In order to enable the metadata extraction in a Kafka table, you can set the stream config `metadata.populate` to `true`.

In addition to this, if you want to use any of these columns in your table, you have to list them explicitly in your table's schema.

For example, if you want to add only the offset and key as dimension columns in your Pinot table, it can listed in the schema as follows:

```json
  "dimensionFieldSpecs": [
    {
      "name": "__key",
      "dataType": "STRING"
    },
    {
      "name": "__metadata$offset",
      "dataType": "STRING"
    },
    {
      "name": "__metadata$partition",
      "dataType": "STRING"
    },
    ...
  ],
```

Once the schema is updated, these columns are similar to any other pinot column. You can apply ingestion transforms and / or define indexes on them.

{% hint style="info" %}
Remember to follow the [schema evolution guidelines](https://docs.pinot.apache.org/release-1.4.0/for-users/tutorials/schema-evolution) when updating schema of an existing table!
{% endhint %}

#### Tell Pinot where to find an Avro schema

There is a standalone utility to generate the schema from an Avro file. See \[infer the pinot schema from the avro schema and JSON data]\(<https://docs.pinot.apache.org/basics/data-import/complex-type#infer-the-pinot-schema-from-the-avro-schema-and-json-data>) for details.
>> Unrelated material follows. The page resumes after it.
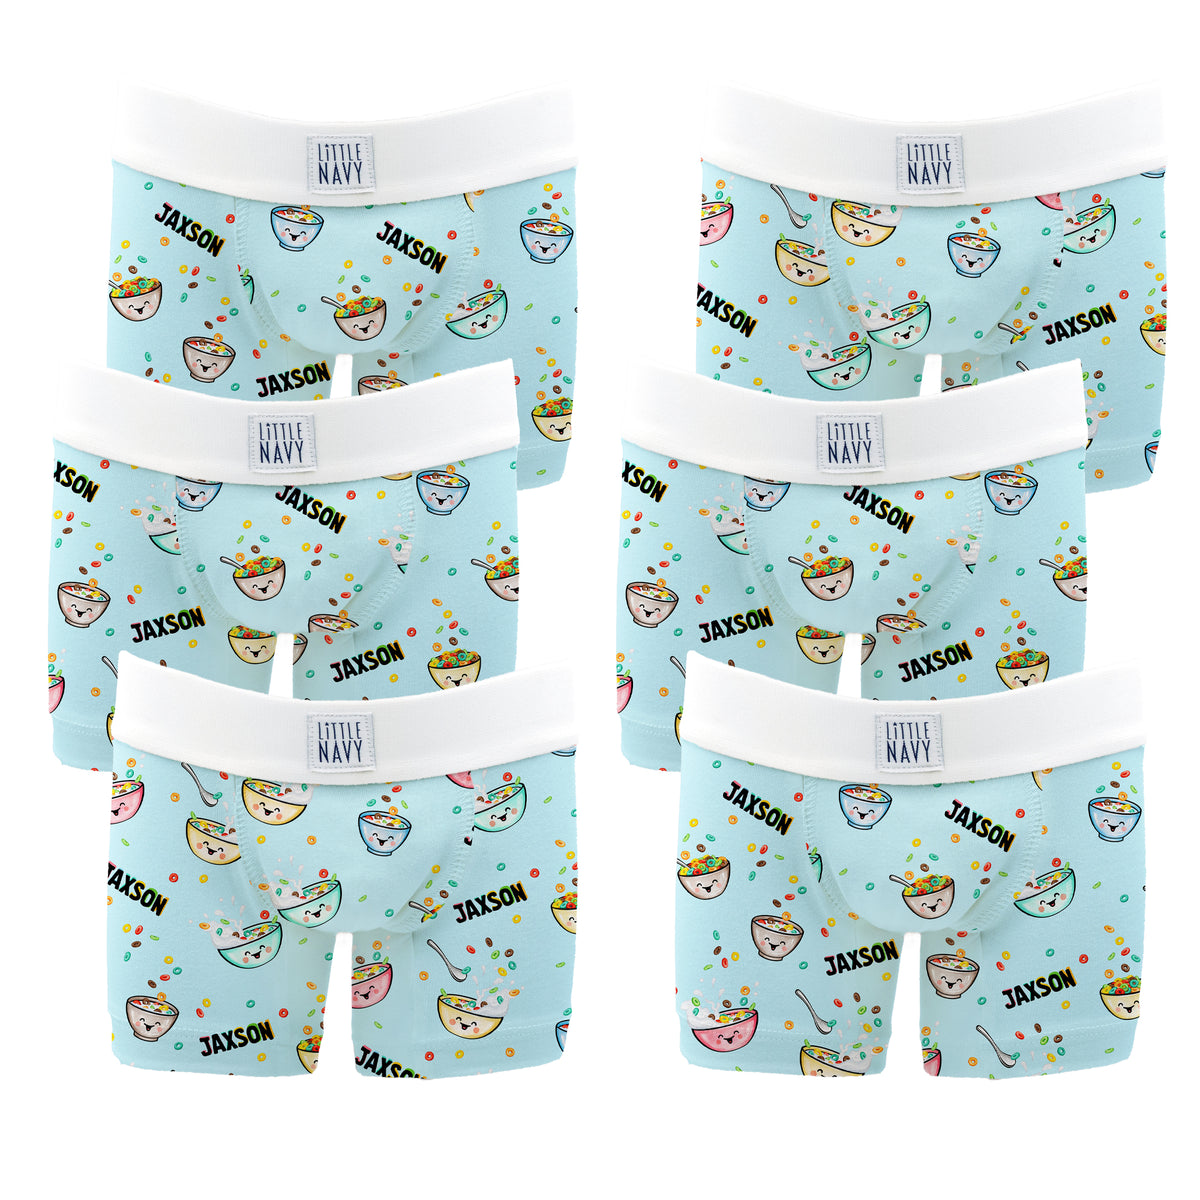 PAW Patrol boxers 3 pack COLOUR navy - RESERVED - 8347L-59X

To avoid errors like `The Avro schema must be provided`, designate the location of the schema in your `streamConfigs` section. For example, if your current section contains the following:

```json
...
"streamConfigs": {
  "streamType": "kafka",
  "stream.kafka.topic.name": "",
  "stream.kafka.decoder.class.name": "org.apache.pinot.plugin.inputformat.avro.SimpleAvroMessageDecoder",
  "stream.kafka.consumer.factory.class.name": "org.apache.pinot.plugin.stream.kafka20.KafkaConsumerFactory",
  "stream.kafka.broker.list": "",
  "stream.kafka.consumer.prop.auto.offset.reset": "largest"
  ...
}
```

Then add this key: `"stream.kafka.decoder.prop.schema"`followed by a value that denotes the location of your schema.